Kapolres Cilegon, AKBP Martua Raja Taripar Laut Silitonga, menjelaskan bahwa pihaknya kini memprioritaskan pengumpulan berbagai bukti guna mengetahui penyebab pasti insiden tersebut.
“Berbagai alat bukti keracunan MBG di Cilegon akan kami kumpulkan, mulai dari keterangan saksi, hasil uji laboratorium, pendapat ahli, hingga rekaman elektronik seperti CCTV,” ujarnya pada Jumat, 17 April 2026.
Selain itu, kepolisian juga mencatat dan mengkaji gejala yang dialami para siswa untuk mendukung proses penyelidikan.
“Kami akan mendata seluruh gejala keracunan MBG di Cilegon, seperti mual, pusing, dan lainnya. Tim medis juga akan melakukan pemeriksaan lanjutan,” katanya.
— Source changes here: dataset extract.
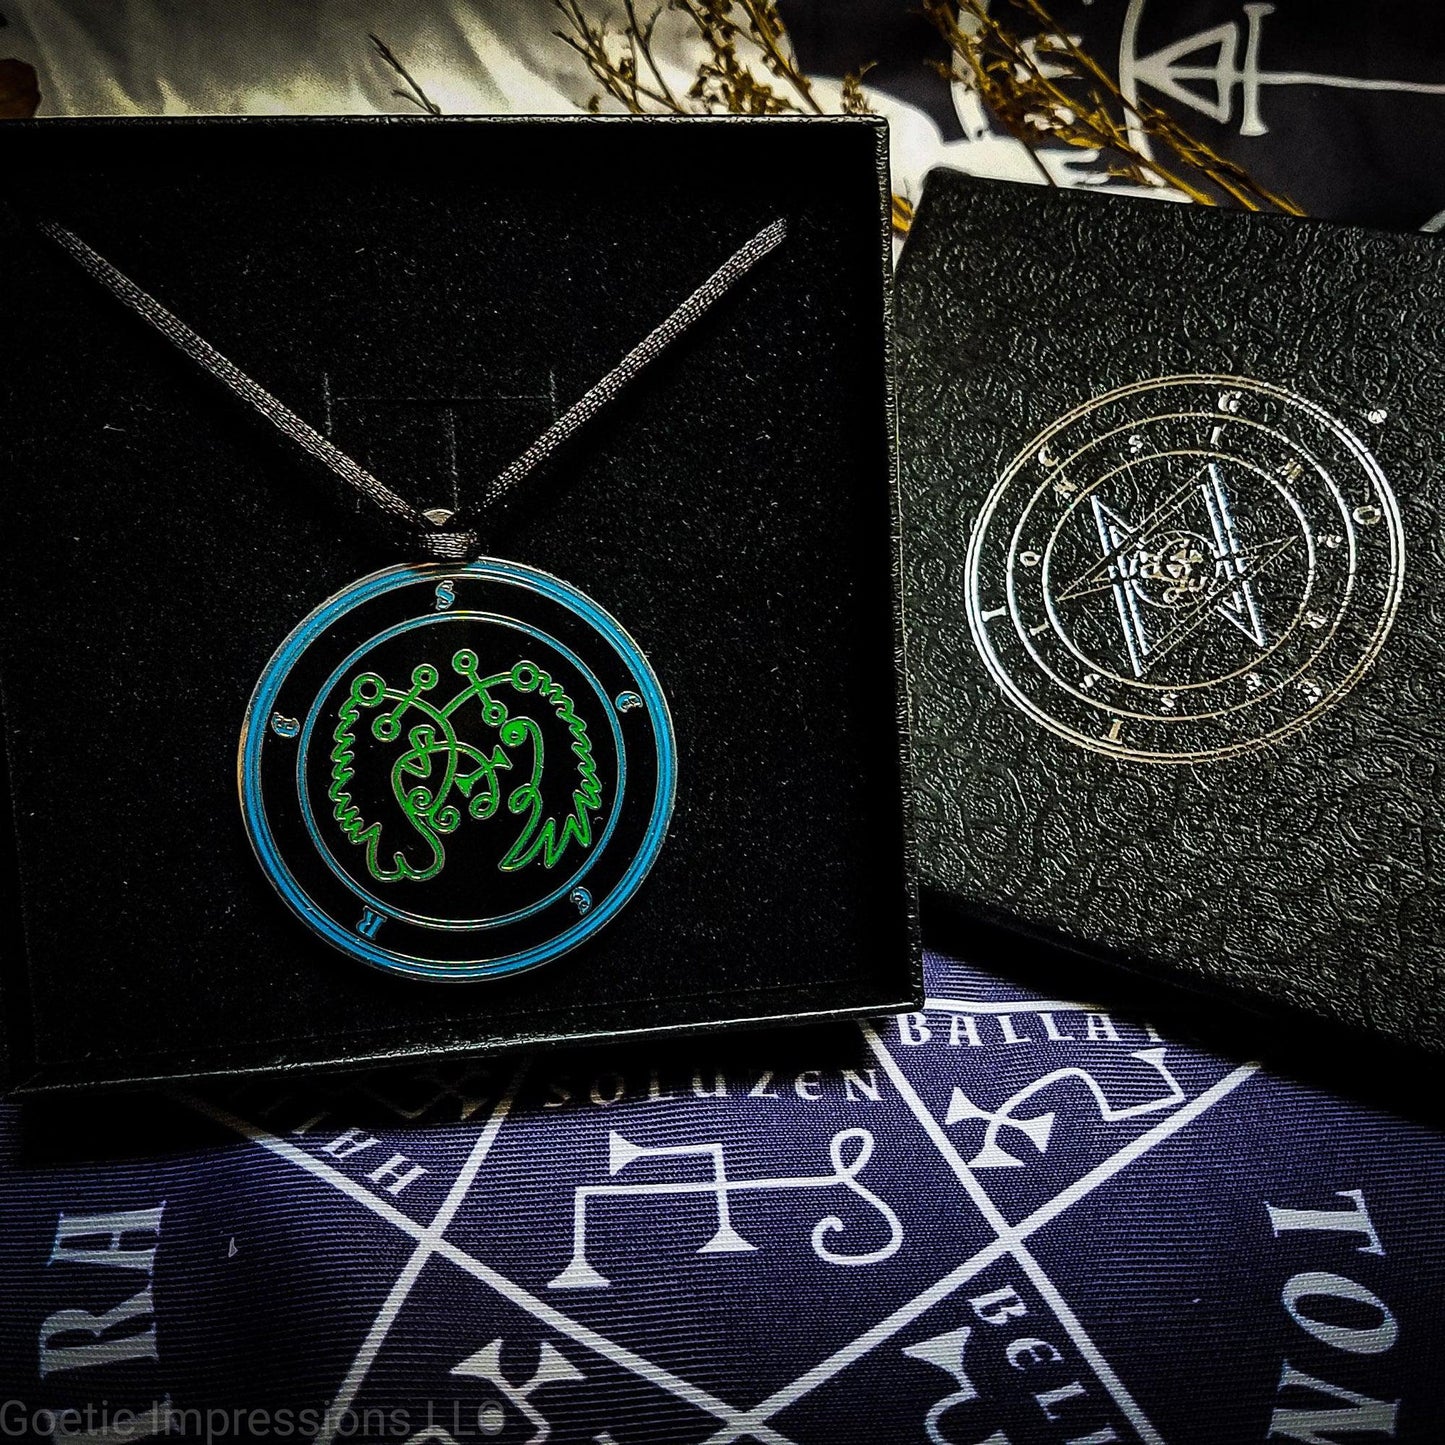 Necklace of Seere in a Goetic Impressions gift box stamped in silver foil. The sigil for Seere is green. Seere's name is surrounding the sigil with concentric circles in blue on a black background.  The seal is silver plated. The box is on a purple altar cloth with the Tetragrammaton in white.
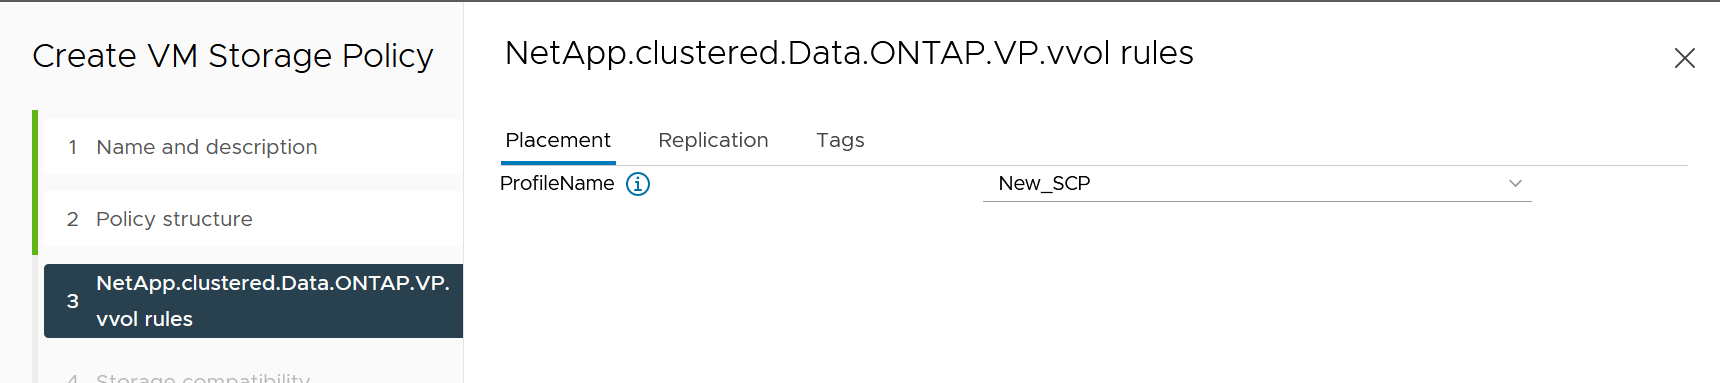 «VM Storage Policy Creation with ONTAP tools VASA Provider 9,10»,300

49 Siswa Keracunan MBG di Cilegon
Ia menambahkan bahwa respons tubuh terhadap makanan dapat berbeda pada setiap orang, sehingga waktu munculnya gejala keracunan MBG di Cilegon tidak selalu bersamaan.
“Setiap individu memiliki reaksi fisiologis yang berbeda. Ada yang langsung merasakan gejala, ada pula yang baru merasakannya setelah beberapa waktu,” jelasnya.
Untuk memastikan penyebab kejadian keracunan MBG di Cilegon, polisi akan melakukan pengujian laboratorium terhadap makanan yang dikonsumsi.
Termasuk bahan-bahan yang digunakan, serta mengaitkannya dengan hasil pemeriksaan medis seperti sampel darah para korban.